Generally, hearing life advice feels stale. I am less interested in words these days and more interested in where the words are coming from. However, sometimes advice does land well and shifts things. Last year, my friend and ad hoc wisdom guide,
, gave me the following advice:“Pay attention to what characters are living in this realm for you. They are the ones you are looking for. Everyone else is LARPing.”
I asked myself who was really living for me—my wife, parents, and brother. I then asked myself who I was living for. The same answer emerged. I have friends and mentors, who I trust deeply, and I feel like they have my back, with no games being played. Still, if shit hits the fan (SHTF), family is first.

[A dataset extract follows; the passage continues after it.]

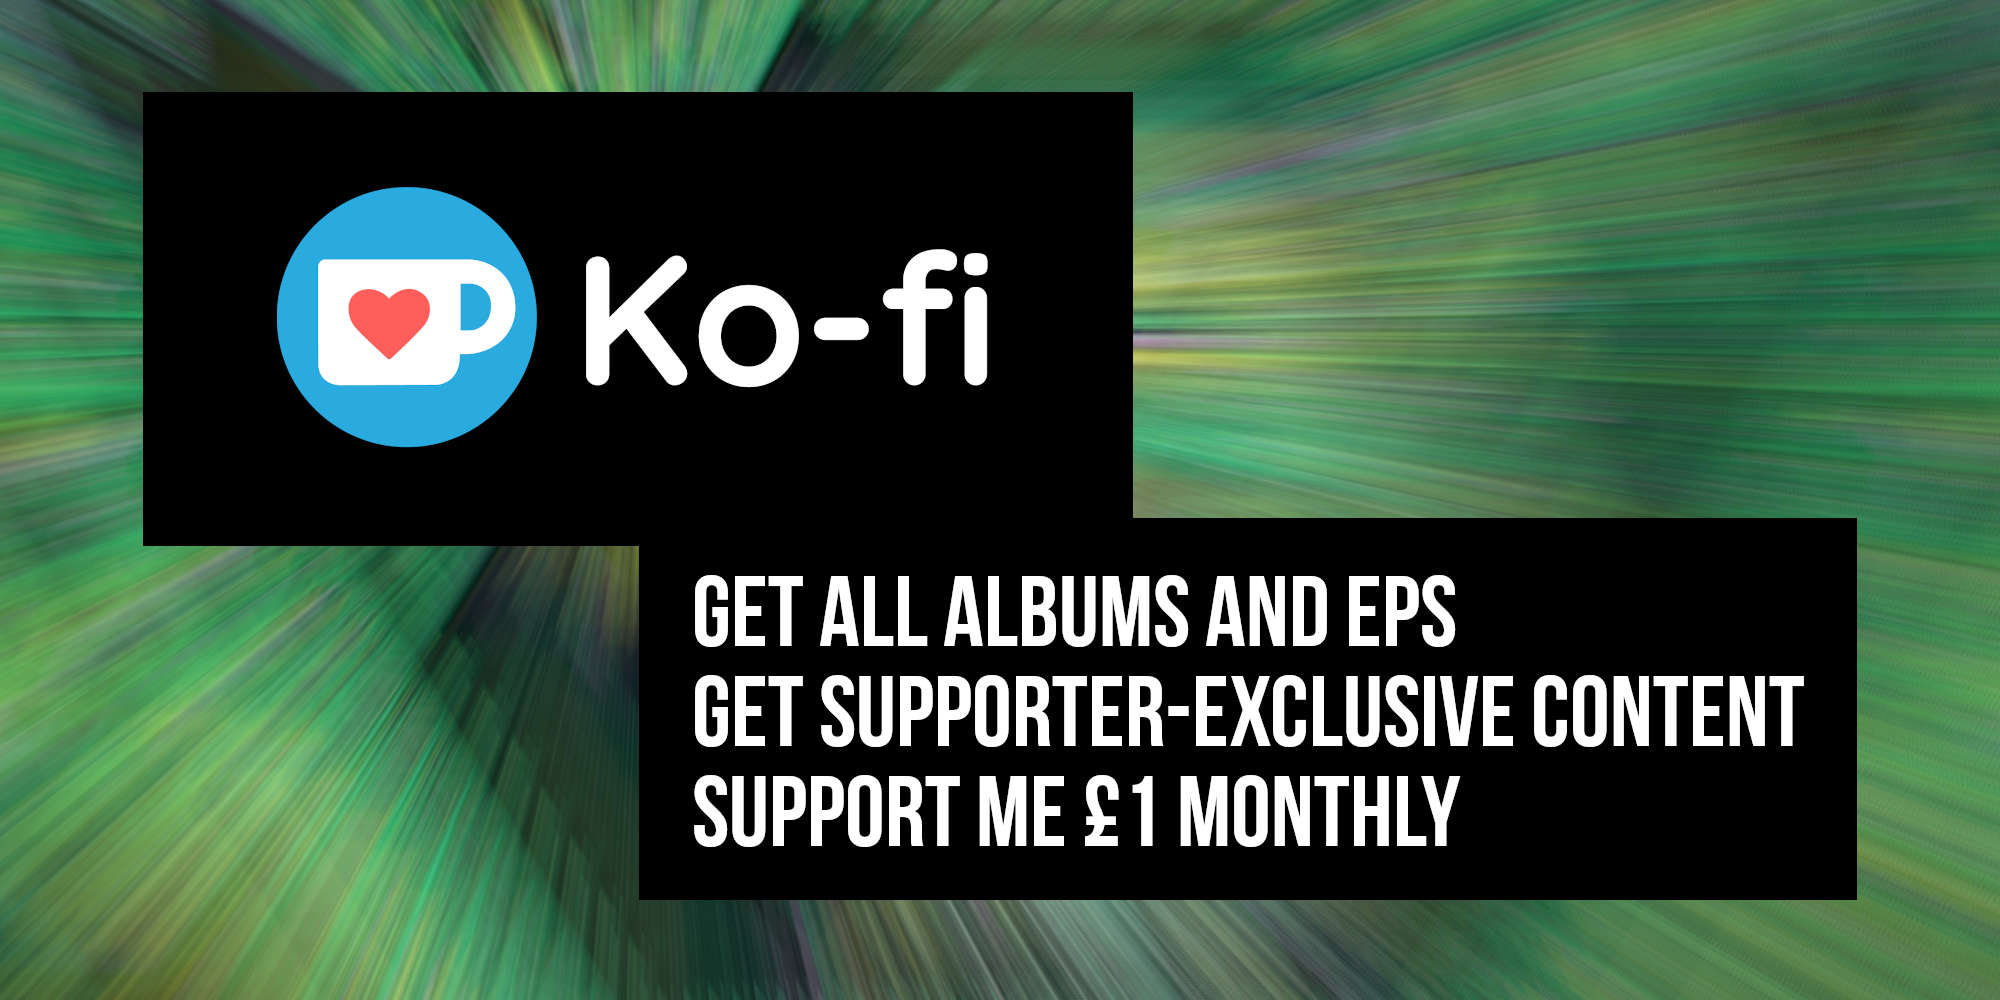 Support Sevish monthly on Ko-fi, get all albums and EPs plus supporter-exclusive content

The more I follow “my aliveness” - where life wants to take me - the more apparent it will become who beyond family passes the SHTF test. I believe aliveness-following leads to real communities, not just online ones. However, I have concluded that rushing into communities before getting right with one’s family is misguided. I have a good relationship with my family, but I know things can get better.
I know things can be great.
***
Like most kids who grew up in the ’80s and ’90s, I had two heroes: Michael Jordan and Arnold Schwarzenegger. I thought these men were what greatness looked like. The latter embodied the hypermasculinity I enjoyed in cartoons. Schwarzenegger was one of the greatest bodybuilders of all time, shaping his body into a work of art. He then became a mega movie star, smashing it at the box office, playing iconic roles like Conan the Barbarian and the Terminator. He even became a politician, winning elections for the governor of California twice.
His success in three different domains was the focus of the recent Netflix documentary, Arnold. I felt both inspired and saddened after watching the series. Schwarzenegger's "manifestation game" inspires me; he had a potent clarity of vision, allowing him to do things people thought impossible, which motivated him even more. Manifesting success feels like it is looked down upon in my philosophical circles, which is misguided. There is no wisdom without the ability to succeed in what one is called to do.
Being successful in some domains takes more work to vision, namely family. What saddened me about the documentary is it ended not with one of his successes but with a failure: an affair he had with his housekeeper, which led to the breakup of his family. He describes his affair as the greatest failure of his life:
Everyone had to suffer. Maria had to suffer. The kids had to suffer. Joseph. His mother. Everyone. I am going to have to live with it the rest of my life. People will remember my successes and they will also remember my failures. This is a major failure. I had failures in the past in my career, but this is a whole different ball game, dimension of failure.
All his successes were difficult to achieve: bodybuilding champion, box office star, and elected politician. It is illustrative that succeeding with family was one that was too difficult.
***
Focusing on those I live for has been confronting. Unlike goals with clear success criteria, getting right with the closest people in my life is hard to measure. Being with family can be painful, confusing, and demanding an emotional literacy not taught in schools; it requires me to become whole.
All the unspoken difficulties, the gaps in communication, and the places where I feel "unseen" are the places I have been visiting, which is unpleasant and humbling, making me realize how much of a fool I am.
I want success, and I will not shame that desire, but success without wholeness will lead to suffering for those I live for. Without a wholesome foundation, I will not be a true success, and no foundation is more wholesome than a great family.